* DATA BELOW

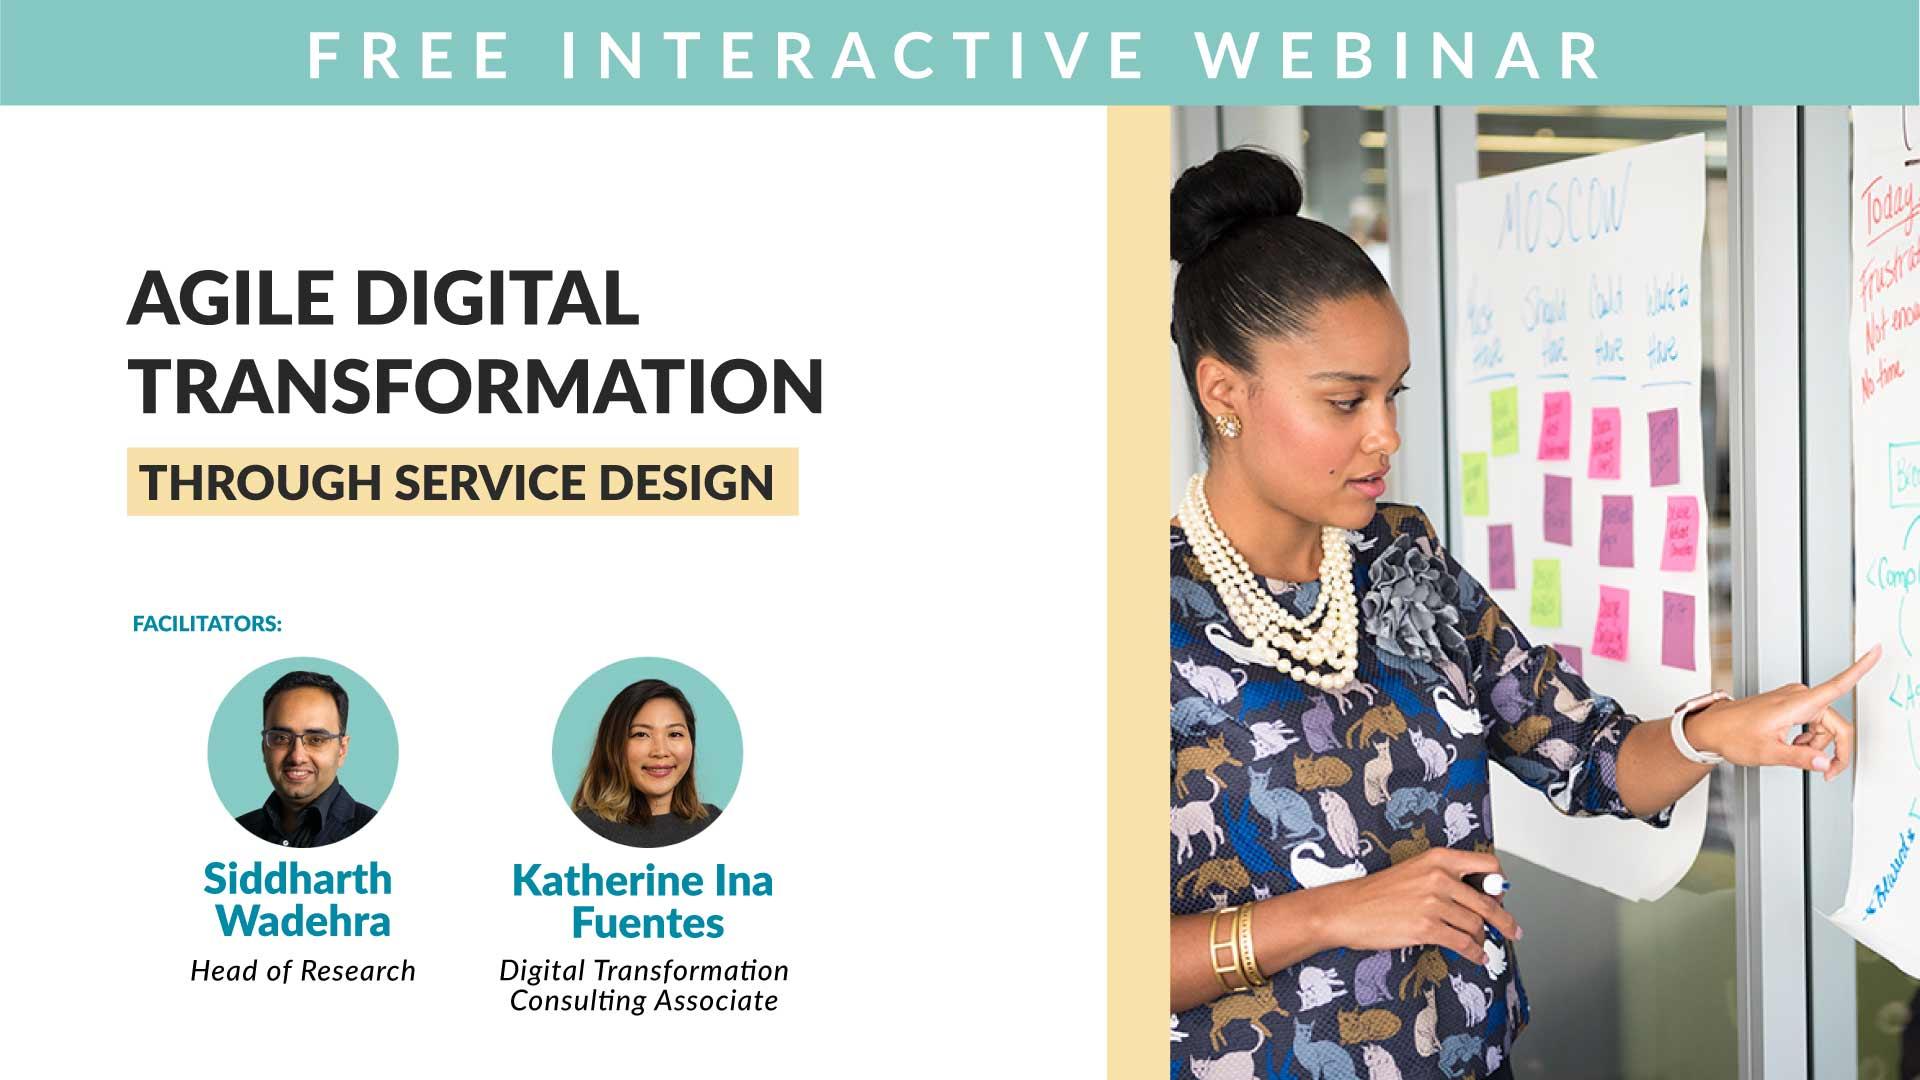 Agile-Digital-Transformation-Through-Service-Design
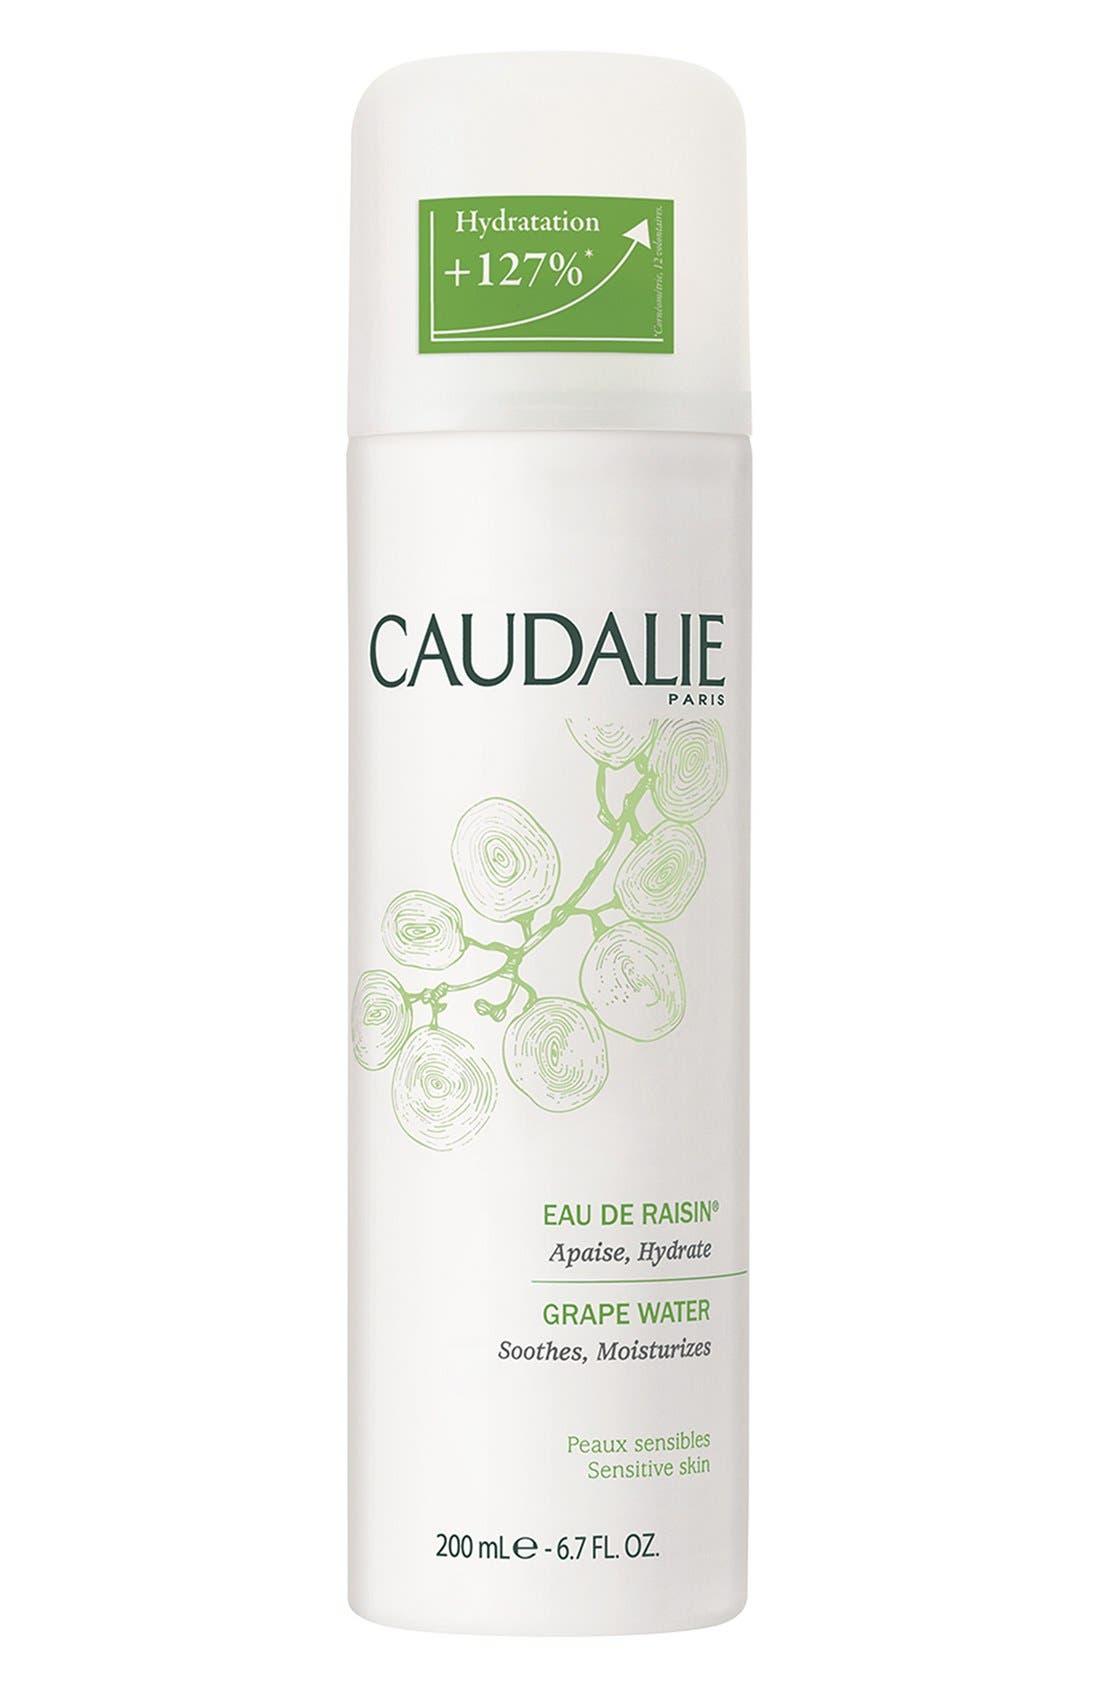 CAUDALÍE Grape Water Harvest
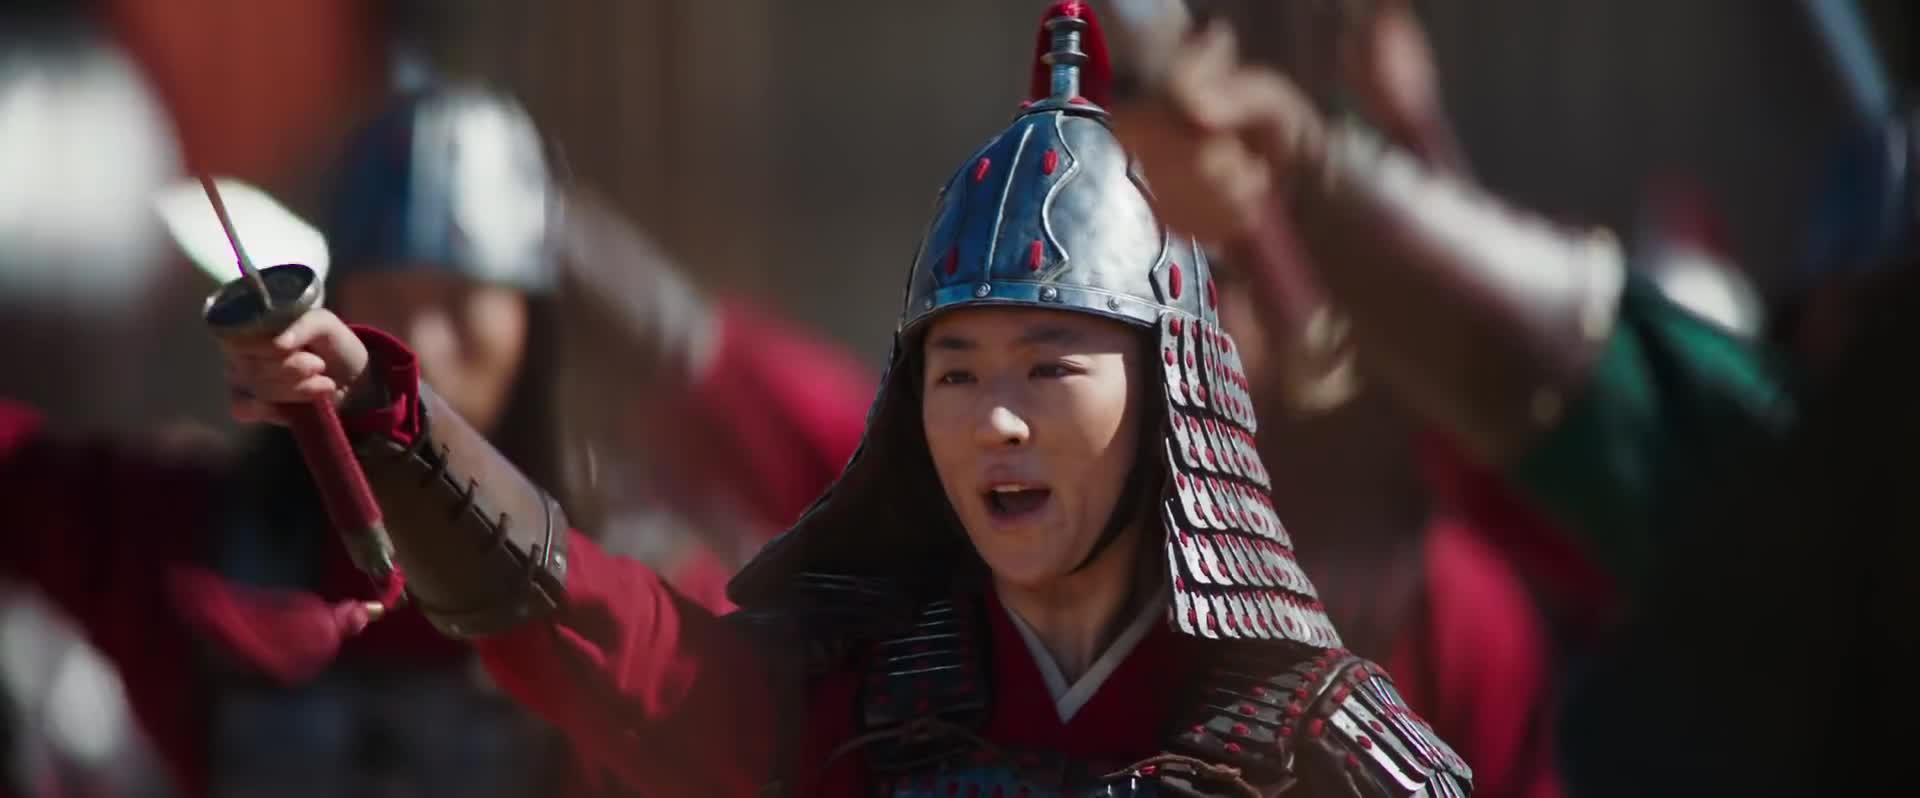 Trailer, Kino, Kinofilm, Super Bowl, Disney, Super Bowl 2020, Mulan
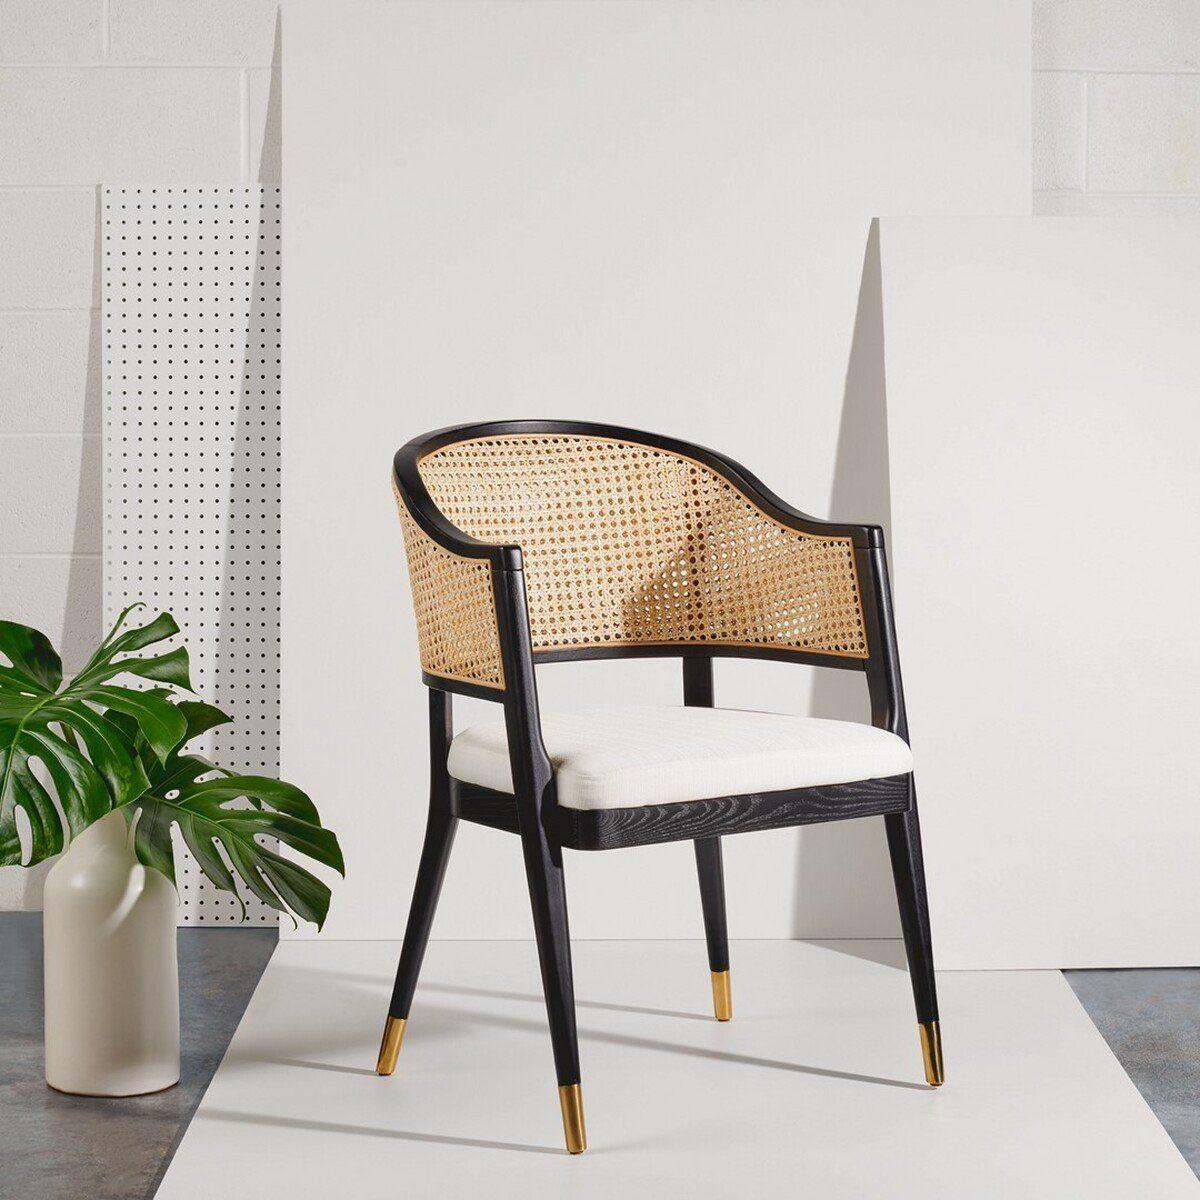 Rogue Rattan Dining Chair - Black

* PROBLEM TO SOLVE
Since the listing holds pictures, return everything else in it exactly and omit those.

* YOUR RESPONSE
 Agile-Digital-Transformation-Through-Service-Design
 CAUDALÍE Grape Water Harvest
 Trailer, Kino, Kinofilm, Super Bowl, Disney, Super Bowl 2020, Mulan
 Rogue Rattan Dining Chair - Black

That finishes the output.